術前治療としての免疫チェックポイント阻害薬の効果

Neoadjuvant PD-1 Blockade in Resectable Lung Cancer.

Forde PM et al
N Engl J Med. 2018 Apr 16. [Epub ahead of print]
PMID: 29658848

Abs of abs.
抗PD-1抗体は、進行非小細胞肺癌(NSCLC)患者の生存率を改善したが、切除可能な非小細胞肺癌には試されていない。この分野は最近10年での進歩が乏しい。
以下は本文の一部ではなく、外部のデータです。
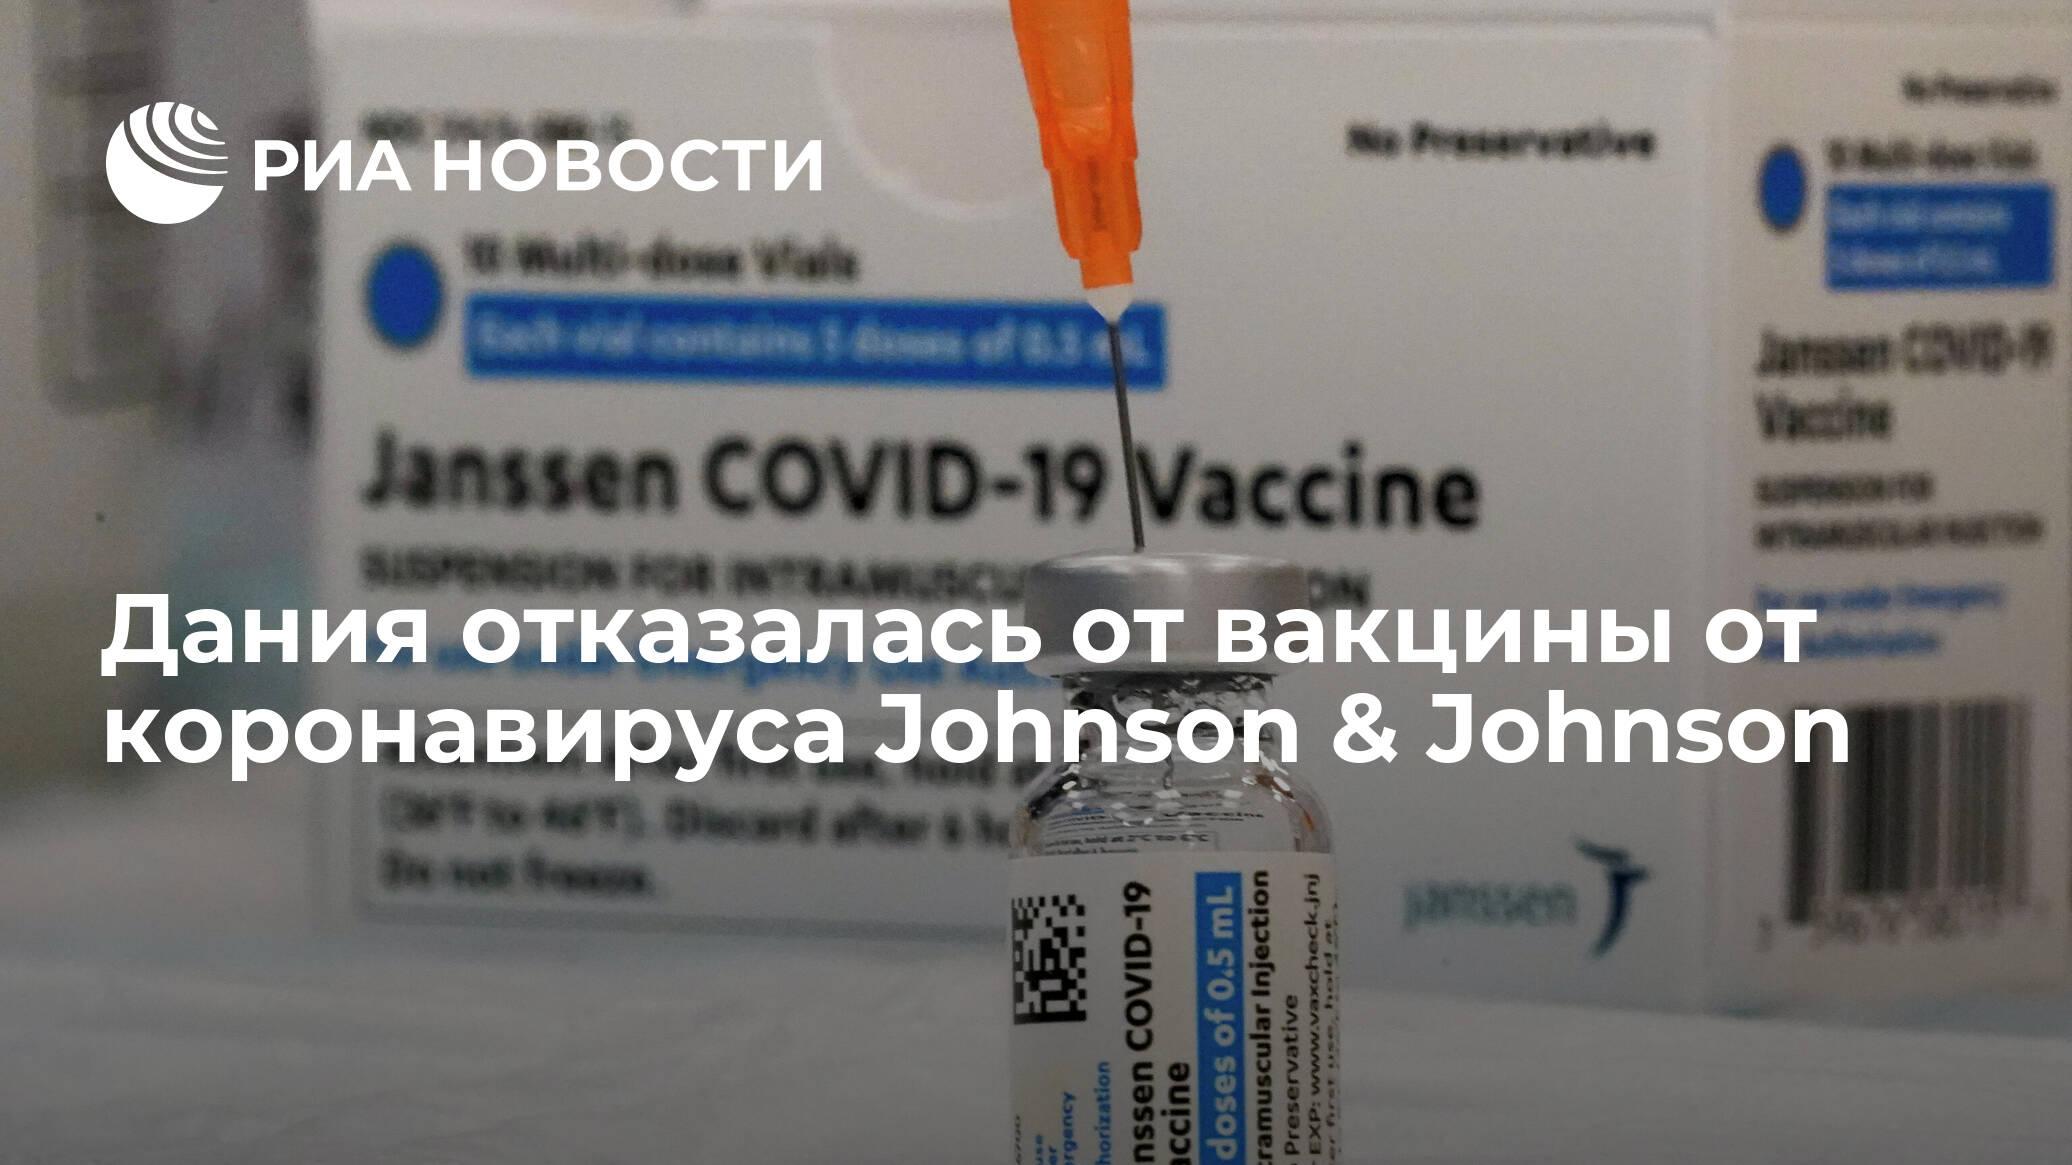 Дания отказалась от вакцины от коронавируса Johnson & Johnson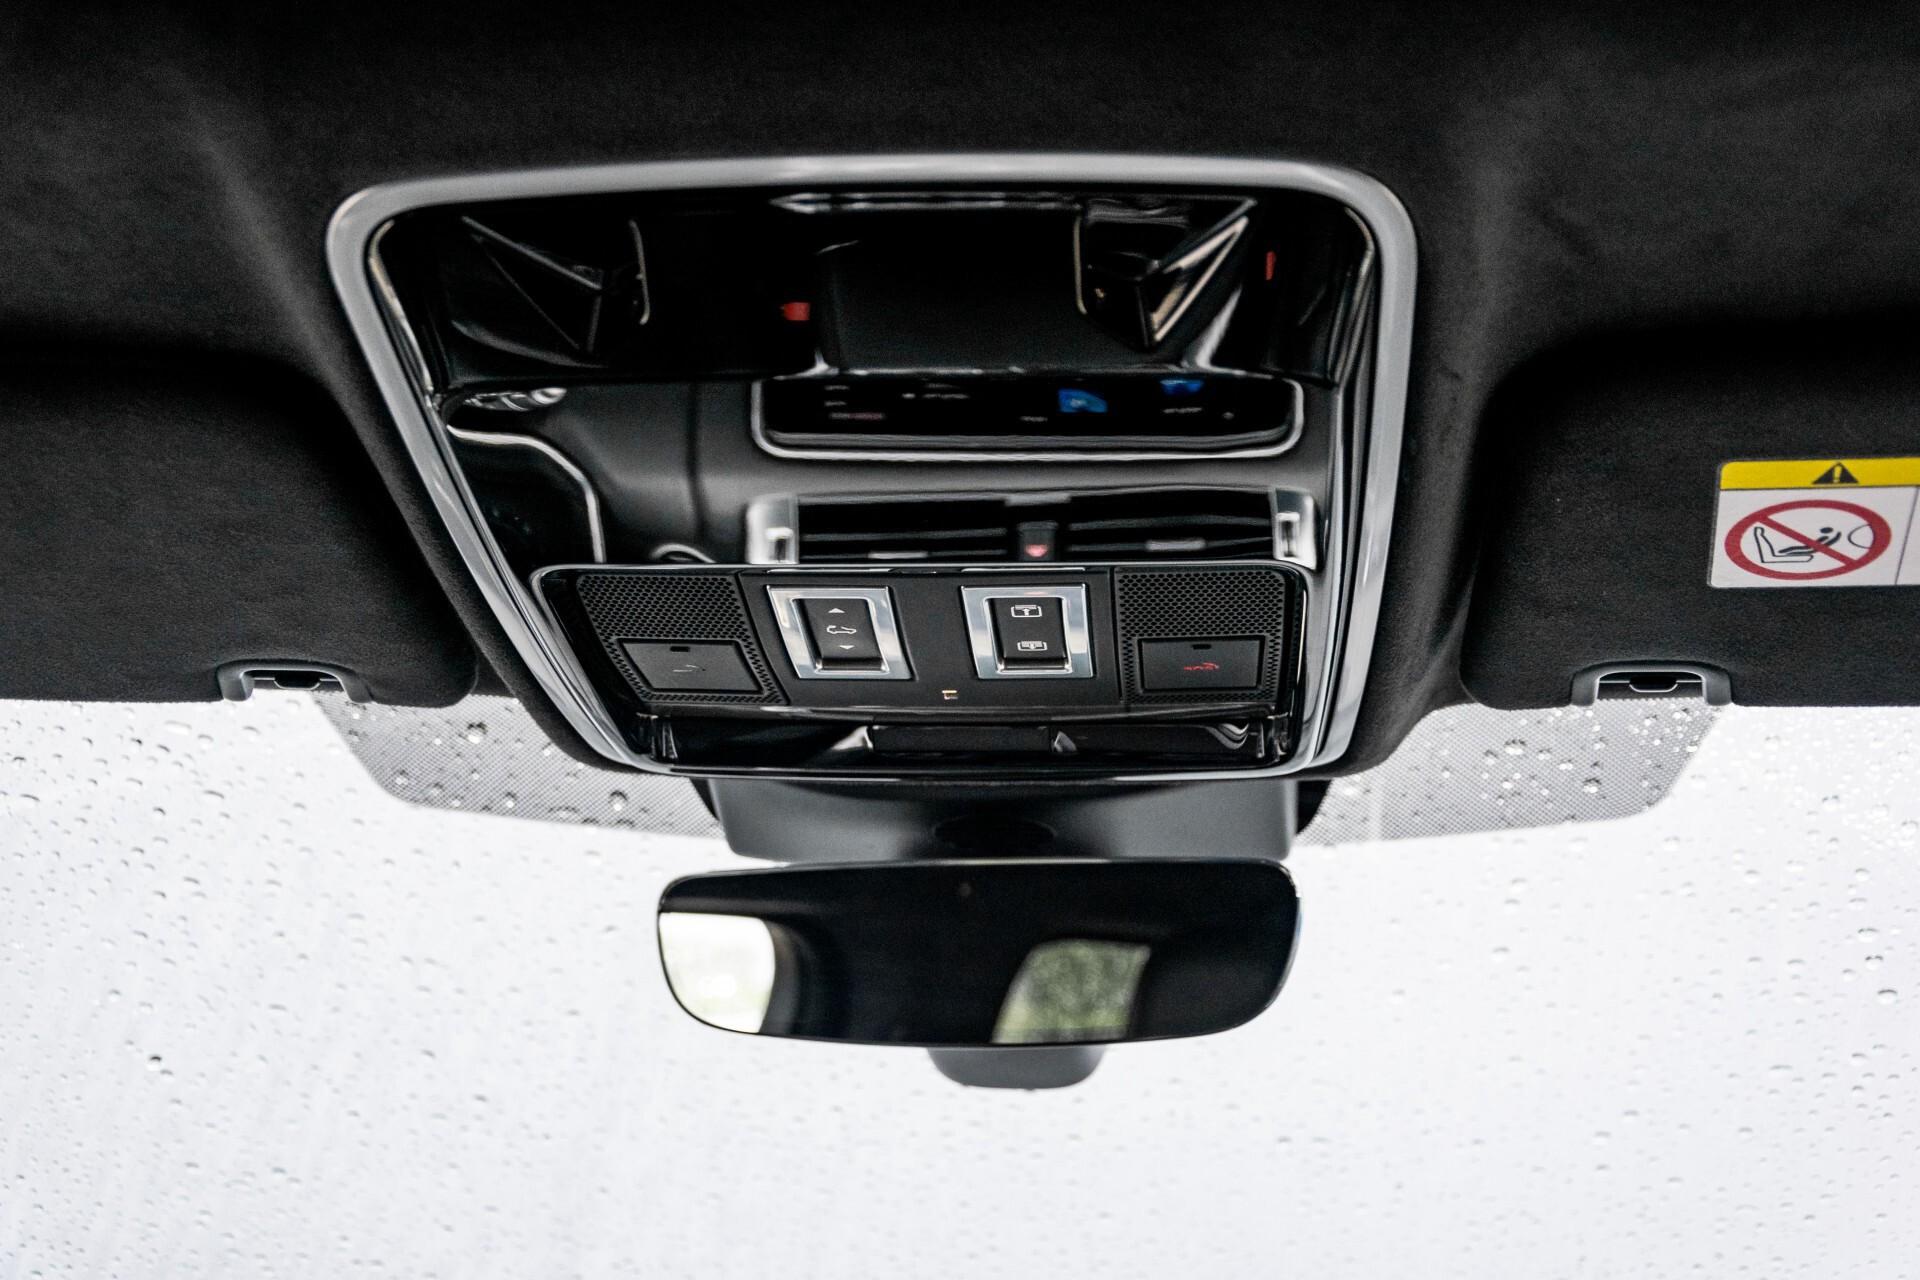 Land Rover Range Rover Sport SVR 5.0 Supercharged 575pk Full Carbon Nieuwprijs €241377 Foto 51

本試験では、未治療の外科的切除可能な早期(stageI、IIまたはIIIA)のNSCLCを有する成人を対象に、ニボルマブ(3mg/kg)を2週間毎に2回静脈内投与し、最初の投与から約4週間後に手術を計画した。プライマリーエンドポイントは、安全性と実施可能性であった。さらに腫瘍の病理組織上の反応、PD-Lの発現、mutation burden、ネオ抗原特異的T細胞応答も評価した。術前療法としてのニボルマブは毒性は許容でき、手術遅延との関連は見出されなかった。切除された21個の腫瘍のうち、20個が完全切除であった。大きな病理学的反応は、45%に見られおり、PD-L1陽性およびPD-L1陰性の両方で起こっていた。病理学的反応とmutation burdenとの間には有意な相関があった。評価可能であった9人の患者のうち8人において、PD-1阻害薬投与後の状態で、腫瘍および末梢血の両方のT細胞クローン数が増加していた。病理学的に完全奏効を示した腫瘍において、mutation関連のネオ抗原特異的T細胞クローンは、治療後2-4週間で末梢血中で急速に増殖を示し、しかもこれらのクローンのいくつかは、ニボルマブの投与前には検出されていなかった。術前化学療法としてのニボルマブは有害事象がほとんどなく、手術を遅らせず、45%において大きな病理学的反応が見られた。腫瘍のmutation burdenは、PD-1阻害に対する病理学的反応を予測するものであった。また治療は、末梢血におけるmutation関連ネオ抗原特異的T細胞クローンの拡大を誘導していた。

感想
症例数は少ないですが、多角的に検討され今後の方向性を示す研究です。免疫チェックポイント阻害薬の治療によって腫瘍はどう変化しているか?まず形態学的には、腫瘍がリンパ球浸潤とマクロファージを伴った線維化に置き換わっています。また病理学的に反応している腫瘍では、腫瘍特異的T細胞クローンが治療後の腫瘍内、末梢血中ともに増加していました。少サンプルではありますが、これらのクローンはニボルマブ前には同定できないものでした。つまりニボルマブによってこれらのクローンが誘導されるかどうかが効果のカギとなっている可能性があります。その他FoxP3+ regulatory T細胞、 CD8+T細胞などの変化は、Fig2で見ることができます。また従来通りmutation burdenの多い方が、縮小しやすいものの免疫関連遺伝子異常との関連は見られず、JAK1、JAK2の不活性化にかかわる変異の有無とも関係が見られませんでした。今回は切除可能な集団が対象ですので、周術期含めその後の経過が気になります。手術に伴う合併症はなさそうでした。経過ですが、今回は2回目のニボルマブ投与から中央値で18日後に手術が施行され、12ヶ月のフォローアップがなされており16/20(80%)が無再発です。1人が事故死、3人が再発しています。その内訳も詳しく書かれています。一人は脳転移再発で定位照射を行い生存中、一人はリンパ節再発し抗がん剤+放射線治療追加し生存中、最後の一人は術後1年で遠隔転移し死亡しています。これらの成績が良いかどうかは即断できません。今後、術前治療が標準になるかどうかは未知ですが、進行例に関しては確実に幅が広がっています。